La sclerosi multipla (SM) è una malattia demielinizzante infiammatoria e neurodegenerativa, cronica e ad elevata complessità del sistema nervoso centrale, con prevalenza globale stimata per il 2020 di > 2,8 milioni di casi.1
I sintomi della SM di solito compaiono negli adulti tra i 20 e i 50 anni di età e comprendono affaticamento, disabilità visiva, debolezza motoria, atassia, mobilità ridotta, tremore, alterazioni della sensibilità, dolore, compromissione della funzione genitourinaria, depressione, e deterioramento cognitivo.2 Questi sintomi hanno un impatto negativo sulla qualità della vita dei pazienti (QoL) interferendo con il mondo lavorativo, relazioni interpersonali, la sfera intima, le attività ricreative e altre attività quotidiane.3,4
Per la maggior parte dei pazienti con SM prevale il decorso recidivante remittente5, caratterizzato da una fase iniziale di episodi neurologici (recidive) seguiti da remissione. A questa fase che caratterizza l’esordio e in genere i primi 20 anni di malattia segue una seconda fase consistente nel progressivo accumulo di disabilità neurologica.6,7
L’eziopatogenesi della SM
I meccanismi patologici alla base della progressione della SM sono multifattoriali e non completamente noti.8-12
Diversi fattori etiologici, ambientali e genetici sono alla base della malattia; non è chiaro se gli stessi fattori associati ad altri quali ad esempio età, modalità di presentazione della malattia, numero di recidive, carico lesionale alla RM cerebrale e spinale possono convergere nel predire i pazienti che andranno in progressione. Ventinove anni fa, l’IFN sottocute (SC) β-1b è stato autorizzato dalla FDA come primo trattamento prescrivibile per pazienti affetti da SM recidivante remittente. Per il suo meccanismo d’azione si rimanda alla Figura 1.
Figura 1. Meccanismo d’azione dell’IFN-β nella SM.
L’interferone beta (IFN-β) si lega al recettore dell’interferone α/β presente sulla superficie cellulare dei linfociti CD4+, esercitando un’attività antiinfiammatoria. IFN-β impedisce la migrazione cellulare a livello della barriera ematocefalica attraverso l’inibizione di MMP-9, riducendo il rapporto MMP-9/TIMP1 e l’espressione delle proteine VCAM e ICAM-1. IFN-β regola la produzione di citochine pro-infiammatorie IL-17 e delle osteopontine attraverso l’attivazione del complesso STAT-1 e l’inibizione di STAT-3, nonché riducendo la secrezione di IL-17 delle cellule T mediante la via di segnale IFNAR delle cellule dendritiche e mieloidi.
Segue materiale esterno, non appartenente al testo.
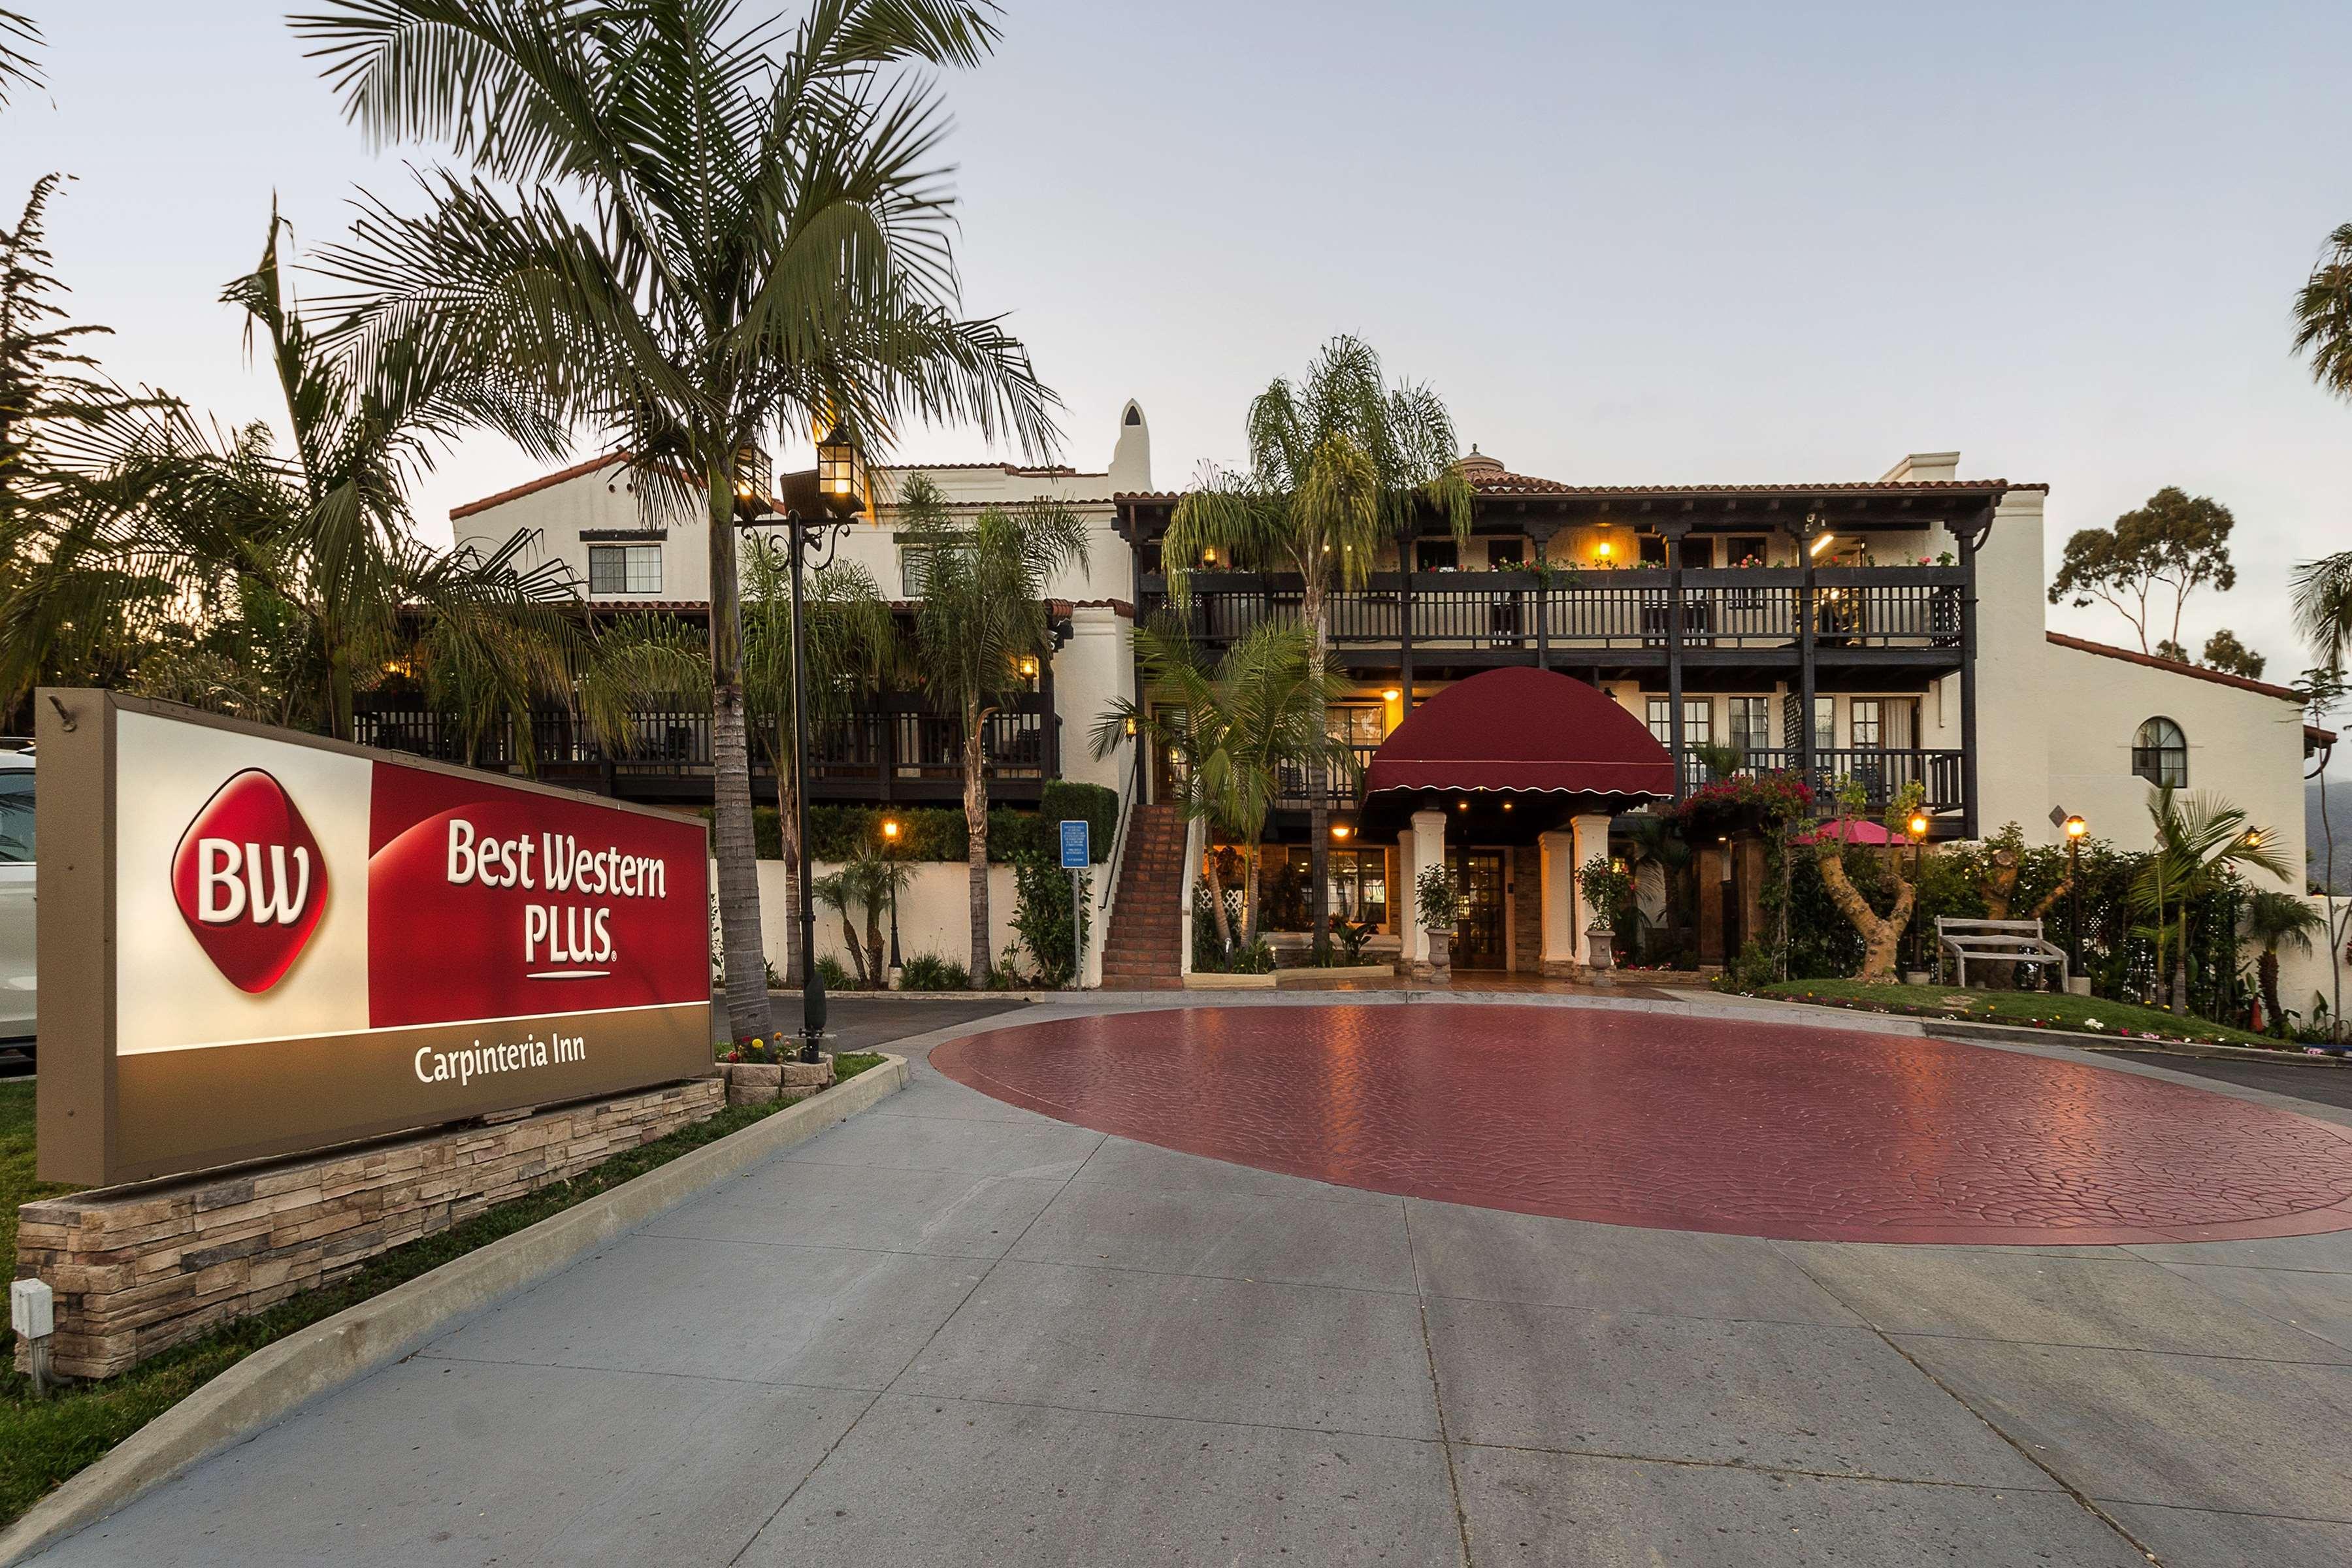 Best Western Plus Carpinteria Inn image 1

Dall’altra parte, IFN-β favorisce la produzione di citochine antinfiammatorie Th2 come IL-10 e IL-4. Ulteriori studi, in vitro e su modelli animali, hanno suggerito che IFN-β favorisce la riparazione del CNS e il recupero dal danno neuronale attraverso l’attivazione di NGF negli astrociti. IFN-β presenta un ruolo attivo nella regolazione dell’attività autoimmune attraverso l’incremento delle cellule NK CD56 che producono citochine antinfiammatorie come IL-10 e interagendo con le cellule T autoimmuni a livello dei tessuti linfoidi secondari e nel sistema nervoso centrale.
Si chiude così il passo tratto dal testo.